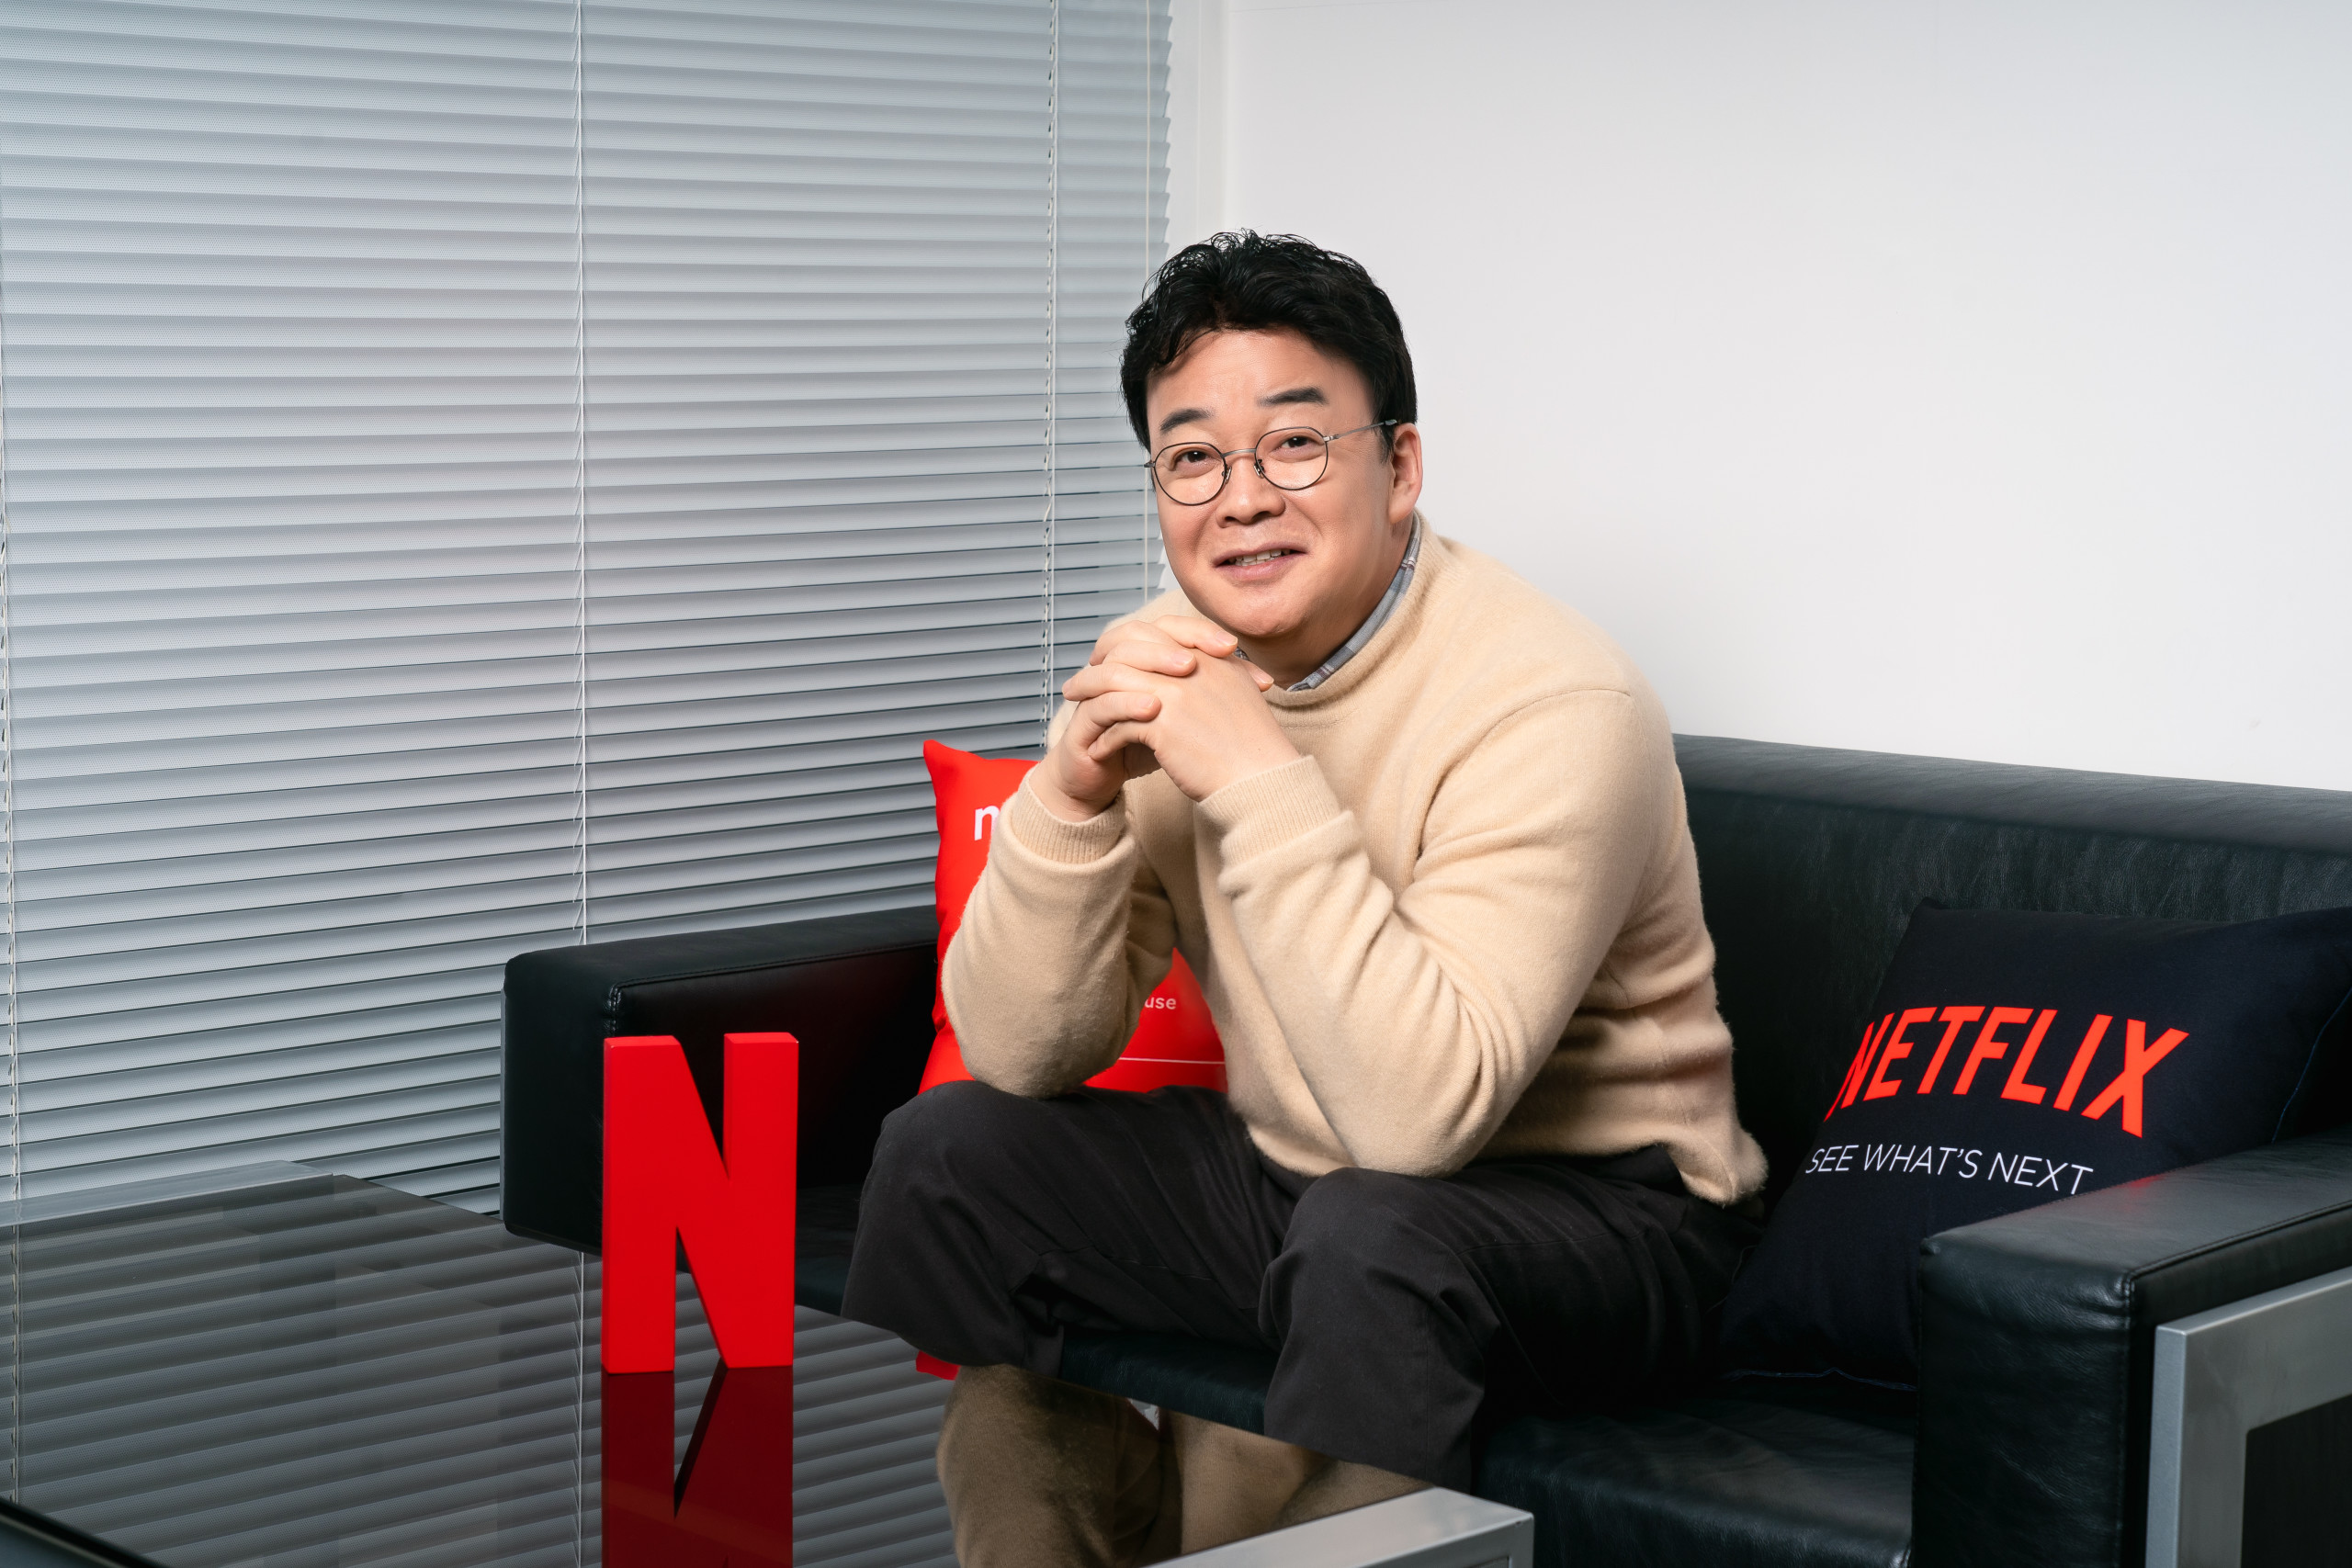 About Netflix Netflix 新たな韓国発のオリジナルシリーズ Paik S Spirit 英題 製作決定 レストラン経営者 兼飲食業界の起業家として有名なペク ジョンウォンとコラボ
+ + + +
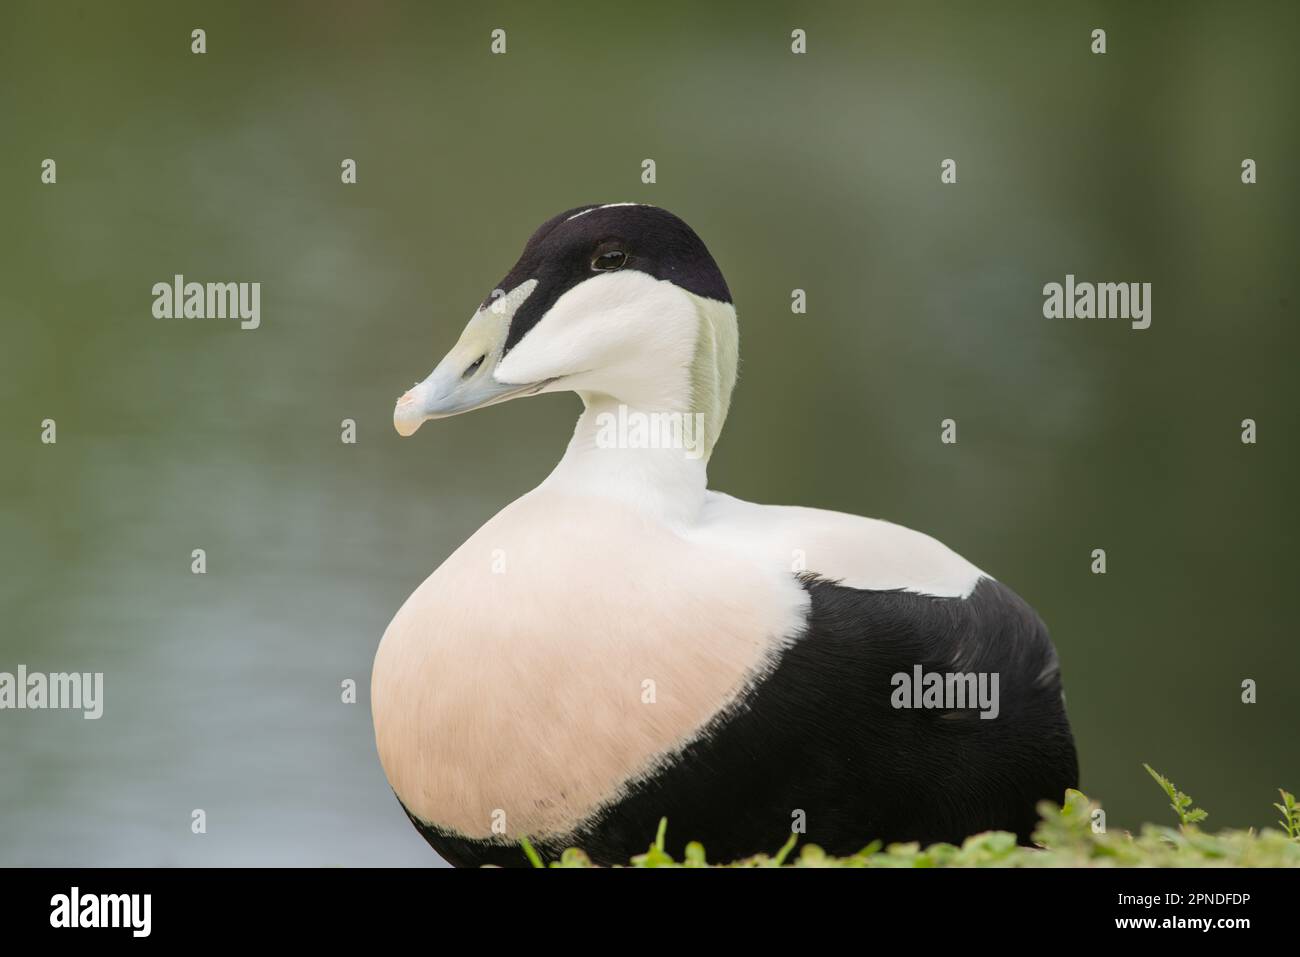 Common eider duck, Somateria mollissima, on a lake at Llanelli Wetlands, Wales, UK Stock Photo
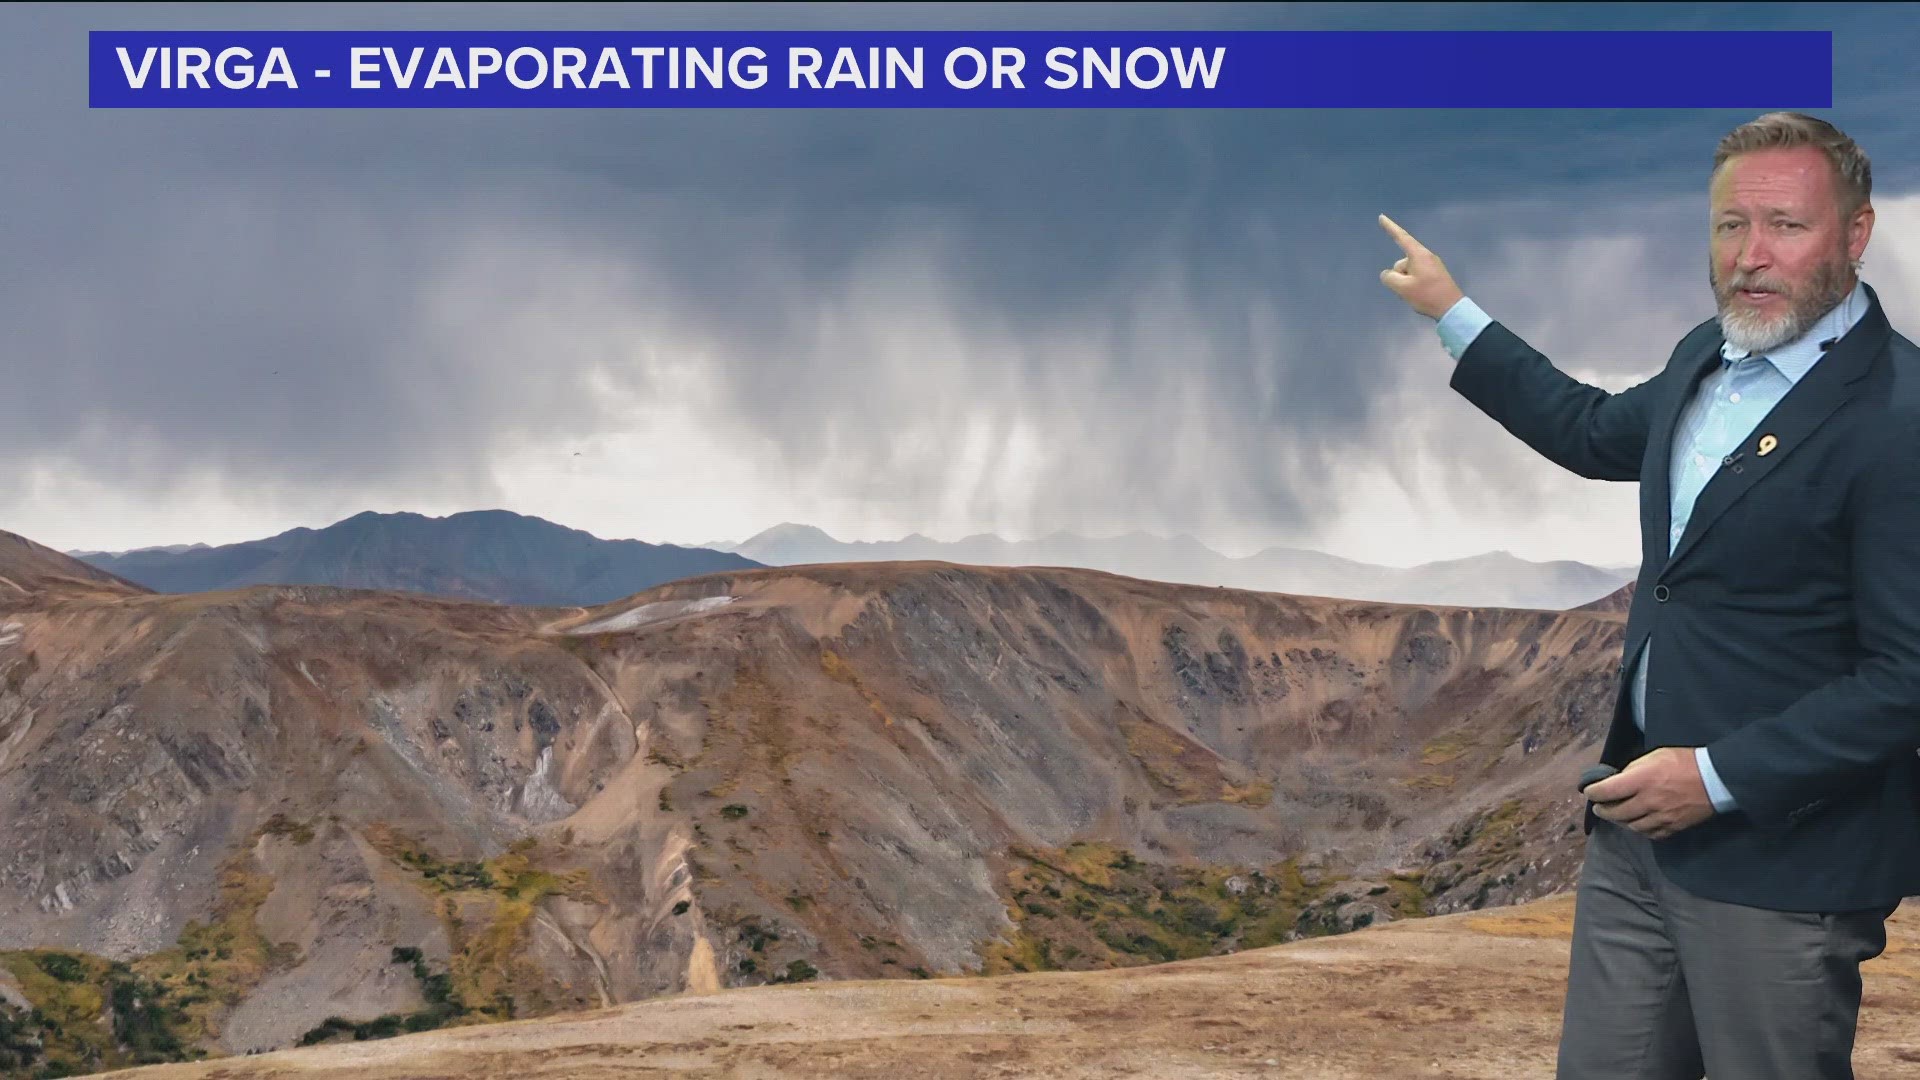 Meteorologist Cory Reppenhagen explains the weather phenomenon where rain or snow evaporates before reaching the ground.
+ + + +
- [WORK INSTRUCTIONS]: Within the entries above, give again exactly the lines starting at the one that contains "Common eider duck, Somateria" and ending at the one that contains "Meteorologist Cory Reppenhagen", leaving out the pictures.

- [SOLUTION]:
 Common eider duck, Somateria mollissima, on a lake at Llanelli Wetlands, Wales, UK Stock Photo
 Meteorologist Cory Reppenhagen explains the weather phenomenon where rain or snow evaporates before reaching the ground.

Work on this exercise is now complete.